Uzun süredir meydan'da olan bir sorun daha "Boğazlar" başında bir Türk yetkilinin bulunduğu bu "Boğazlar Komisyonu" artık tarih olmalıydı.Başkomutan Mustafa Kemal Paşa,Fevzi ve İsmet Paşaları yanına çağırtarak kısa bir görüşme yaptı ardından İsmet Paşa'ya bunu bürokratik yollarla halledeceğiz fakat dedi Fevzi Paşaya dönerek eğer olmaz ise iş sende Fevzi Paşam.Oda da ki herkes gergin ama gururluydu böylece Montrö Boğazlar Görüşmesi başlamış oldu.
Gelen bir haber bizi çok üzüyordu diğer haber'de elbette üzücüydü ama ilki kadar değildi.Gazi'nin sağlığı iyi gitmiyordu.Hastaydı ve vasiyetini yazmıştı bu vasiyet tüm yurtta büyük bir telaş uyandırmıştı koca bir çınar en verimli zamanın da aramızdan ayrılacakmıydı.Şüphesiz hiç bir Türk Gazi'ye bu durumu kabullenemiyordu.

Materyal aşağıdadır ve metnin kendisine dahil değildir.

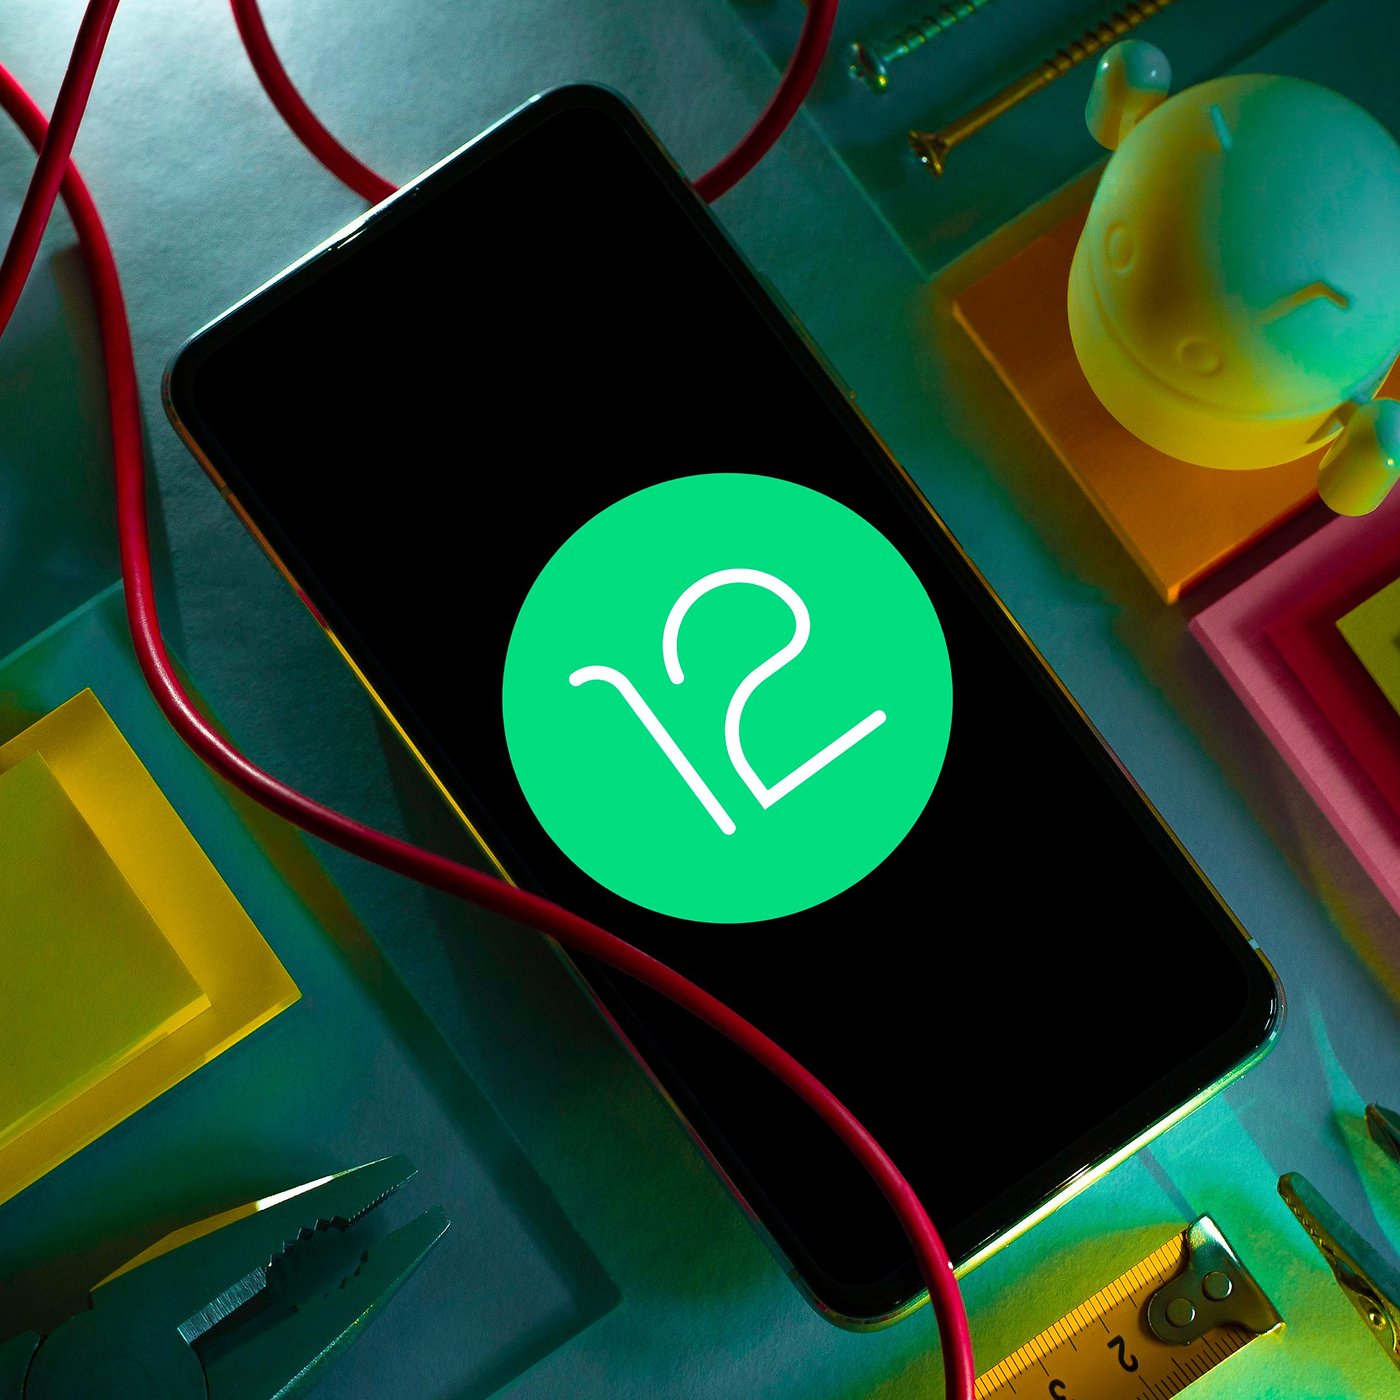 Android 12 Beta: aplicativo Relógio é atualizado e exibe interface baseada  no Material You

Bu üzücü olayın biraz ardından sevindirici bir haber geldi.Nuri Demirdağ & Vecihi Hürkuş gibi isimler Hükümetin desteği ile fabrikalarını geliştirmiş ve seri üretime geçmişti.Bu haber yurtta büyük bir sevinç dünyada ise bir şaşkınlık yarattı daha 50 yıl önce kendi lokomotifini üretemeyen Türkler şimdi uçak üretiyordu.

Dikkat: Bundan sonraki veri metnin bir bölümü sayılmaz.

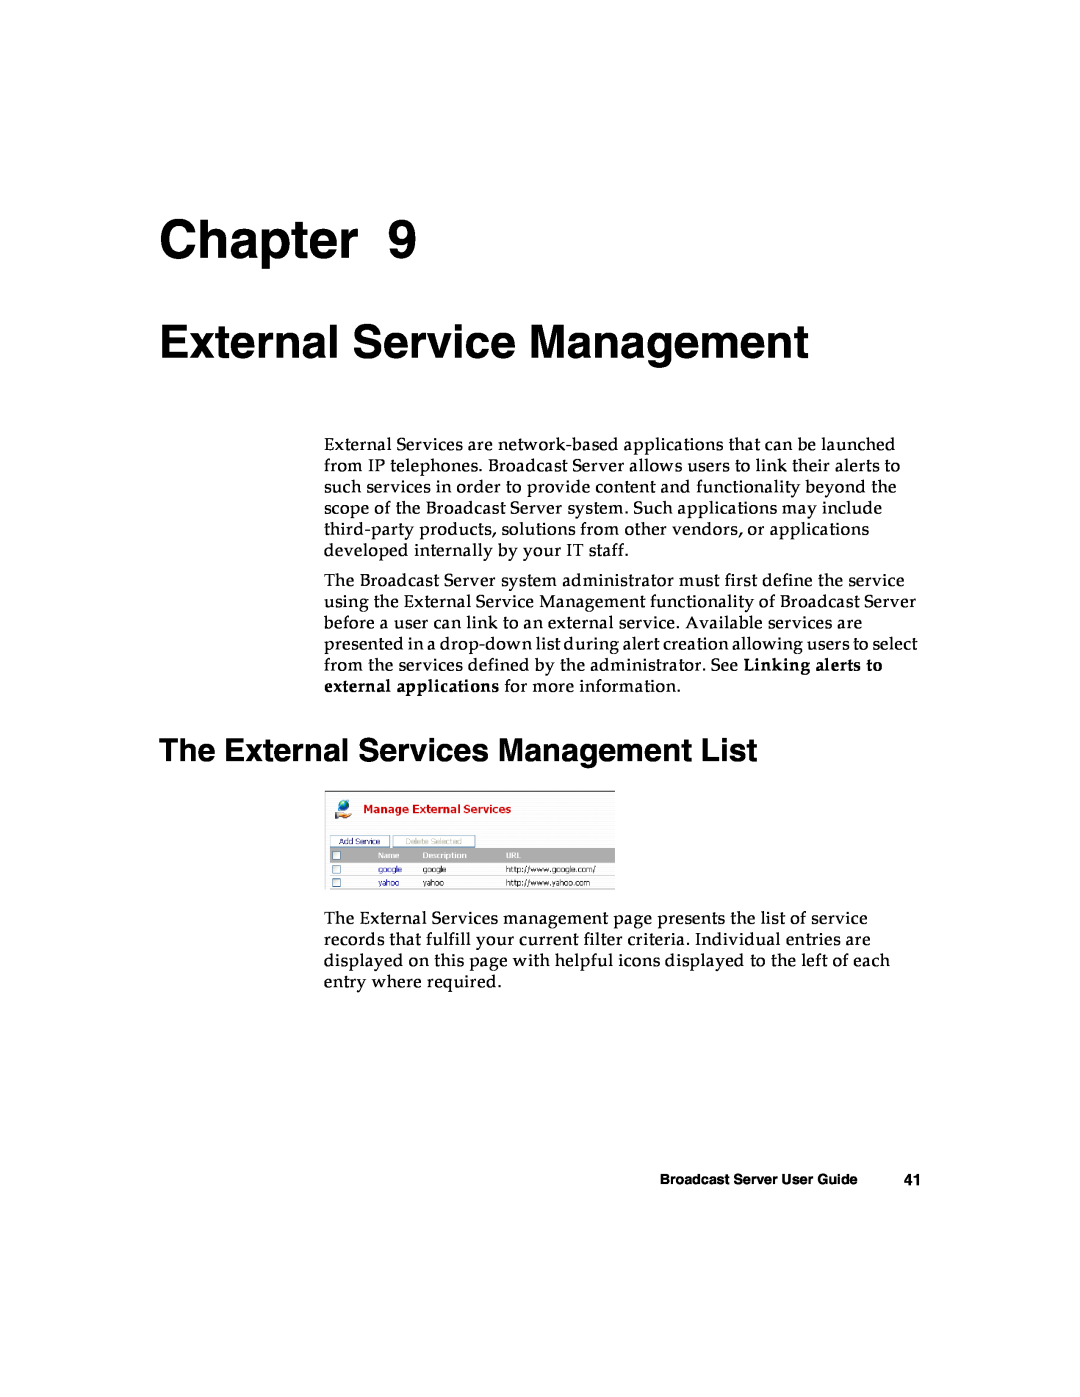 Nortel Networks Broadcast Server warranty External Service Management, The External Services Management List, Chapter

Gazi Paşanın emri ile askeri okullar açılmaya devam ediyor şüphesiz bu geleceğimize büyük katkı sağlayacak ve belkide....
Askeri komuta kadememizi bir eğitime tabi tutuyoruz ortalama 2 Ay sürmesi bekleniyor bu eğitimle ordumuz modern doktrinlere sahip olacaktır.
Trakya Manevraları Bizzat Gazi'nin emriyle başlatıldı ve bitti.Operasyona tam tamına 200 Bin Asker katıldı ve büyük bir başarı sağladı bu Operasyon.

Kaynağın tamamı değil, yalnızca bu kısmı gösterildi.